0 ALERT level A = In general: serious problem 0 ALERT level B = Potentially serious problem 6 ALERT level C = Check and explain 0 ALERT level G = General alerts; check 1 ALERT type 1 CIF construction/syntax error, inconsistent or missing data 0 ALERT type 2 Indicator that the structure model may be wrong or deficient 1 ALERT type 3 Indicator that the structure quality may be low 4 ALERT type 4 Improvement, methodology, query or suggestion

Comment top

Thiourea compounds display high biological activities as herbicides with low toxicity and low residue content, and are used extensively as pesticides, fungicides and regulating agents of plant growth in the agrochemical industry (Pu et al., 1994; McCourt et al., 2005). Due to the low toxicity to mammals, birds, fish, amphibians etc., work on thiourea derivatives as herbicides is a subject of intensive research and many novel structural thioureas herbicides have appeared in the literature (Ehrenfreund 1988; Takematsu et al., 1988; Kehne et al., 1991). Although some of the phenoxyl thioureas have been described (Xue et al., 2000), so far, relatively a few reports on crystal structuresemploying thioureas with a pyrimidine ring attached to the distal N atom are available (Xue et al., 2005). We have developed the synthesis of (5) and report here the crystal structure of the title compound.
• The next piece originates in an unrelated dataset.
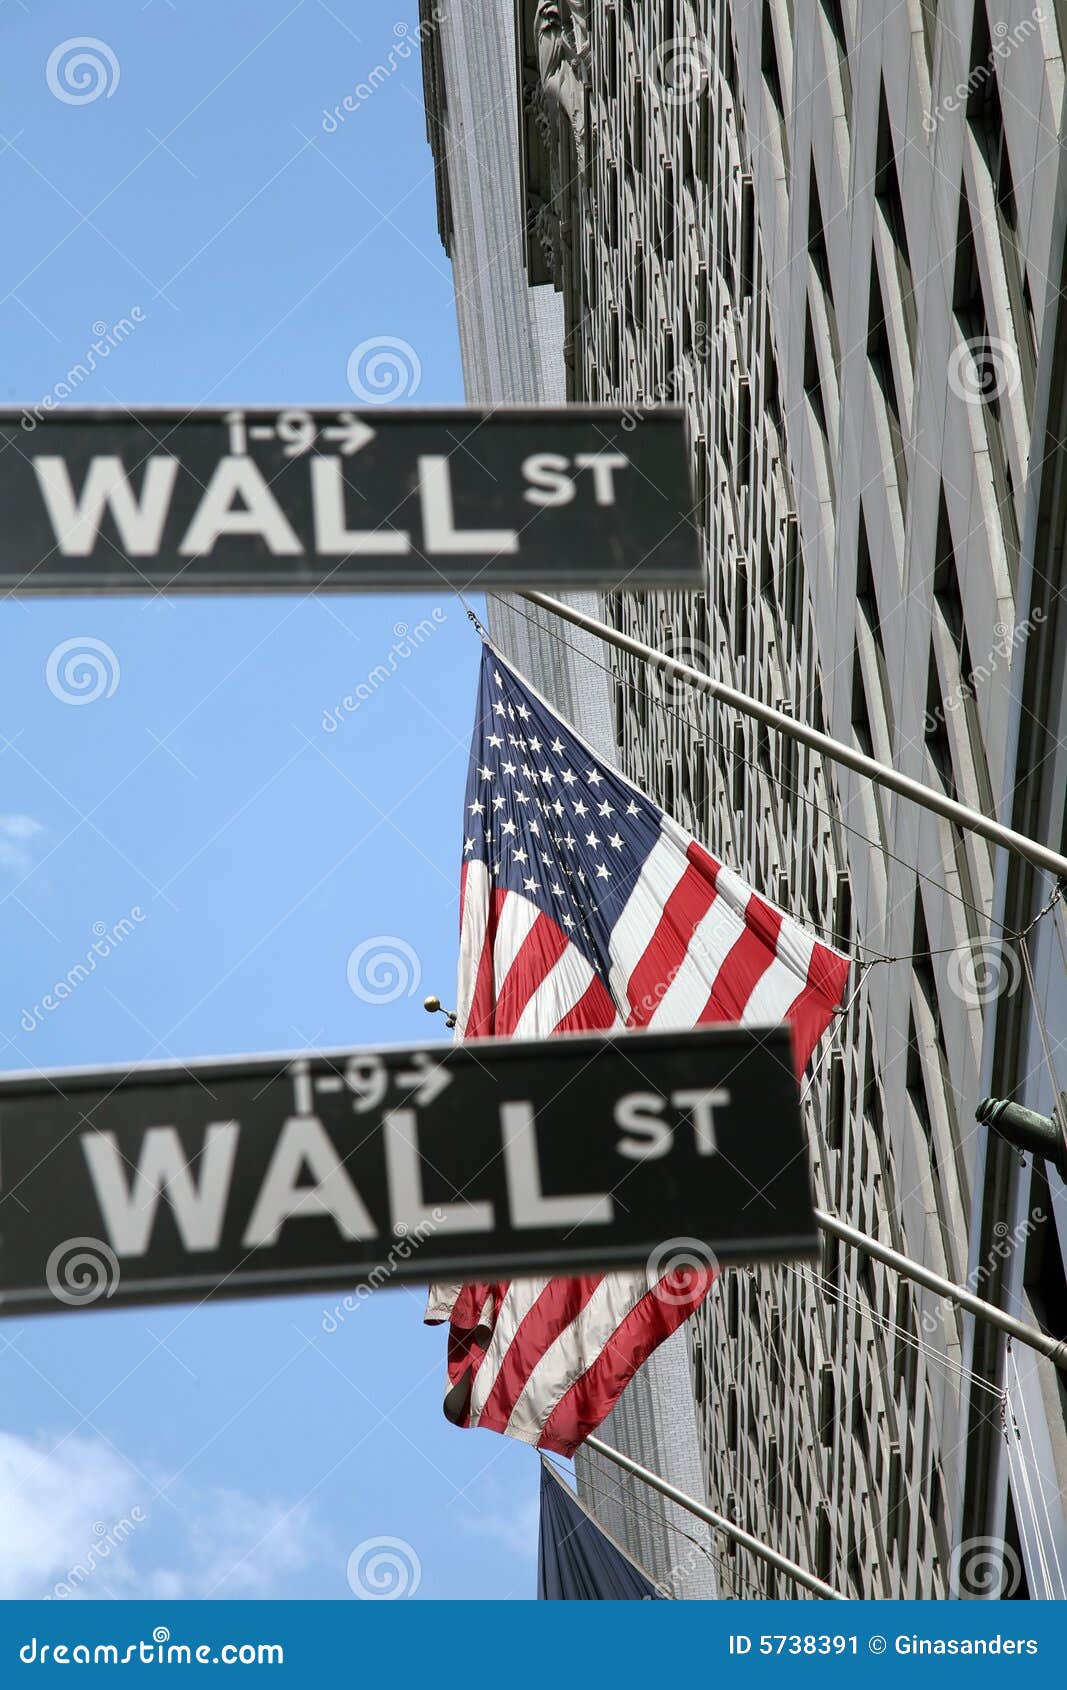 EUA, New York, Wallstreet, troca conservada em estoque. Troca conservada em estoque em New York, Wallstreet, EUA

The key feature of this phenoxyl thiourea is that the aromatic ring, 2,4-dichlorophenoxypropionyl group is linked to thiourea bridge by an amido bond and the pyrimidine ring substituted in both meta positions is attached to the distal N atom of thiourea, which might provide an opportunity for the study of cooperative effect between the two types of biologically active molecule.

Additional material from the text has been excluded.